I understand that this is not likely to happen now, but even talking about and thinking about it could be the beginning of a healing movement, rather than more divisiveness and fury.
It seems a cliche, but love and respect will serve us a lot more than arguing and hating.
Ginsburg understood that she could disagree with people without being hateful or betraying her values or goals. Some of her best enemies were her best friends.
In this country, we don’t fight for our values with guns; thus, we fight with ideas and beliefs and votes.
That was surely Ginsburg’s message.
Here’s where it is tonight. Trump appears to ram a controversial choice down the throats of most Americans who are concerned about his ethics, politics, and intensions.
No justice appointed in this way will ever have the moral authority and leadership Ginsburg or Antonin Scalia had. The Supreme Court will lose the protection of its integrity.
Trump has inspired a new generation of Americans willing to break the law or disregard it.
He will have ripped open many of the binds that have held our ideas of government and freedom together. He seeks a candidate who will vote to send all of the Dreamers homes, has made it clear she will vote to overturn Roe-vs. Wade, support the government’s persecution of immigrants, undermine womens rights, and is opposed to legal protections for gay and transgender people.
It is one thing to argue that these positions are wrong. It is another to stuff them down people’s throats.
It turns out Ginsburg didn’t abandon women; she gave them a hero to finally and enthusiastically rally around. She is very much a presence. On election night, Trump’s folly will be clear enough to him.
Even many of Trump’s strongest supporters worry that an extremely conservative Supreme Court Appointee – Amy Coney Barrett – might galvanize not just Democrats but also suburban women and independent voters who have made clear they favor a more mainstream choice, and the nomination of such a person is far from certain.
That is a perfect formula for bitter civil conflict and human suffering that will go on for decades, if not longer.
How sad we don’t have a President who might have appointed a moderate experienced, even conservative jurist who believes the court should be bi-partisan and independent.

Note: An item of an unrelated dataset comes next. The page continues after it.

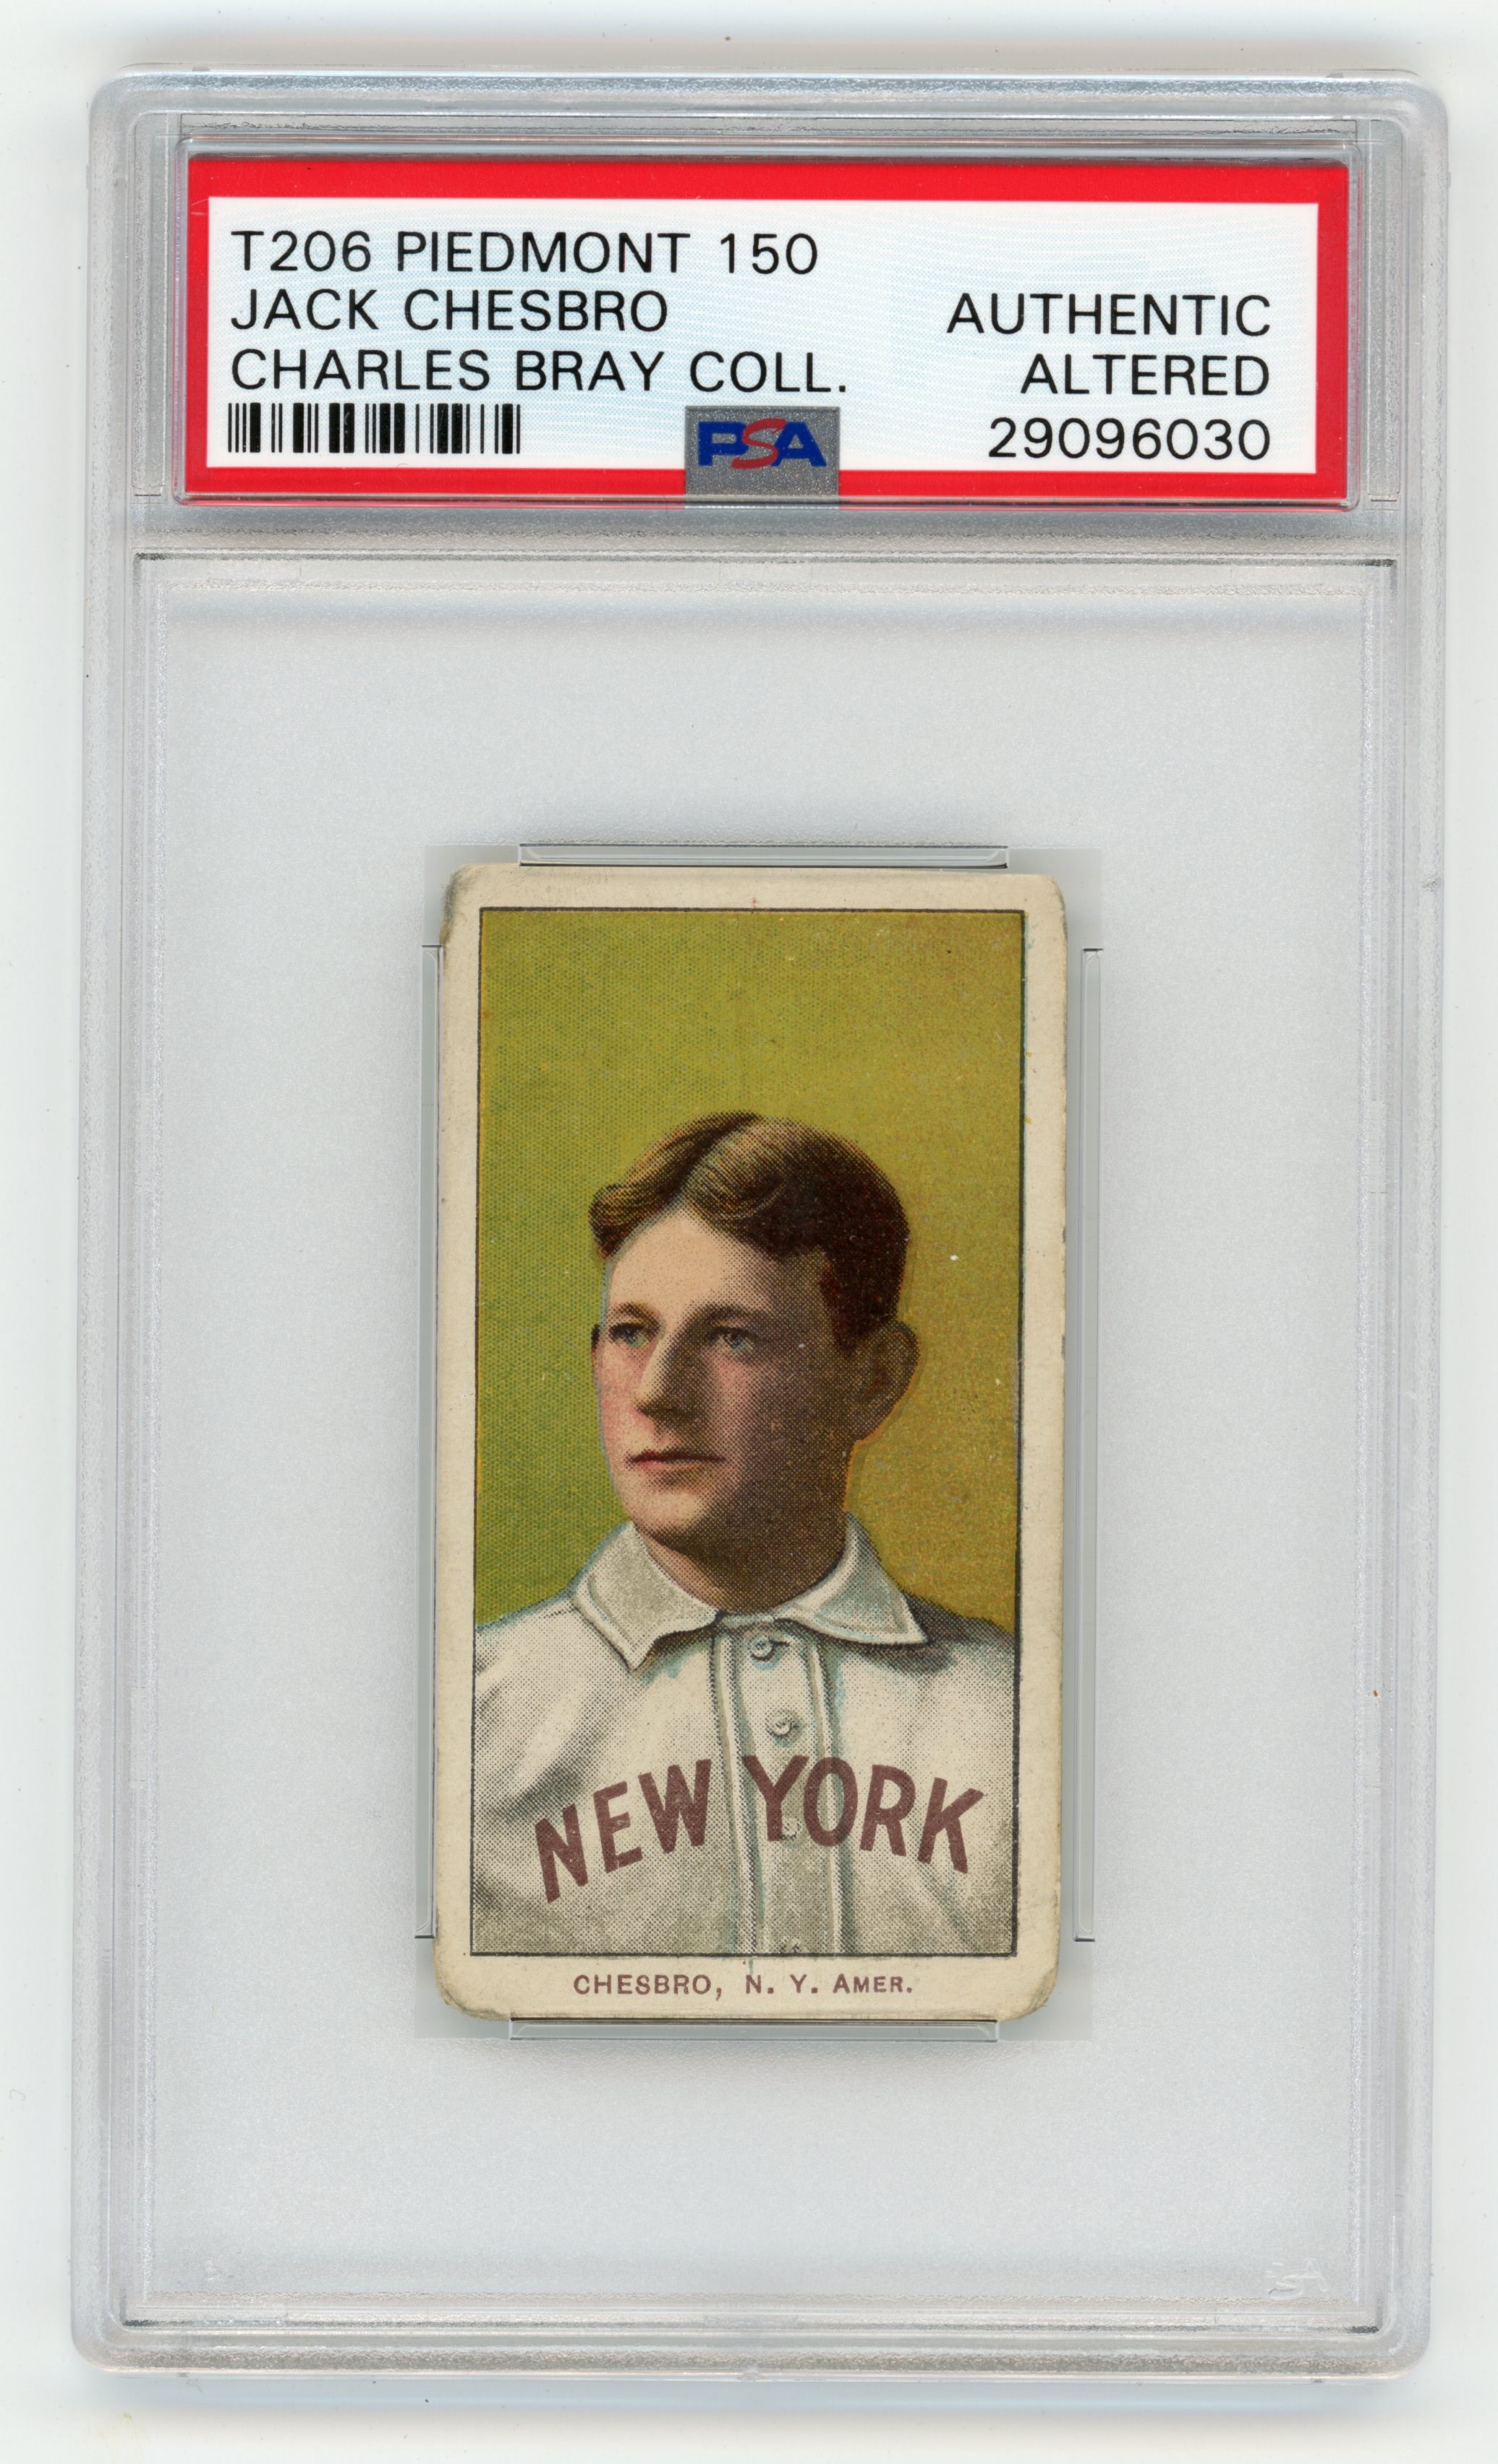 Baseball and Trading Cards - T206 Piedmont 150 Jack Chesbro PSA AA From The Charles Bray Collection

What a different country that would be overnight. But Trump lives on the extremes. His motive seems to be to tear us apart, he never tries to bring us together. He won’t speak to me.
Still, Ginsburg’s ghost might be one of the most important turns in the election. Biden is now fighting for her legacy, not just his own. And that is a new and very different story.
Having a hero to so many people changes everything. Donald Trump is unwisely betraying every belief and purpose Ginsburg had in her life.
It’s one of the great ironies of history that people most love their heroes when they die.
Trump has unleashed something he neither respects nor understands. Just put your finger up in the air and feel the wind.
His disrespect for Ginsburg and what she stood for, his failure to grasp the meaning of her, will haunt him and cost him dearly, no matter who he tries to appoint to the U.S. Supreme Court.
When you do what he is doing to a hero, you create yet another movement. There is no magic wand. There is no turning back.
There’s always hope. Here’s my hope list. (1) Nancy Pelosi and Elizabeth Warren are scheming. (2)Two senators have already spoken against this. Rumor has it there may be a couple others. (3) Public opinion is raging against Trump’s decision. (4) There may not be enough time. Votes are already being submitted. Let’s be patient and see how this plays out; it’s not over until the fat lady sings.
Ruth Ginsberg is a hero. Women like Ginsberg paved the way for women to have careers not just babies. I hope young professional women realize this. I was told I was a bad mother for wanted to go to college in my 20’s. A college educated mother certainly would have helped my children when my husband and I divorced and I was left in shambles financially.
We are going through cancer in our home. Ruth could not have felt well but yet she kept hanging in there and kept her seat on the Supreme Court. We all owe her a lot.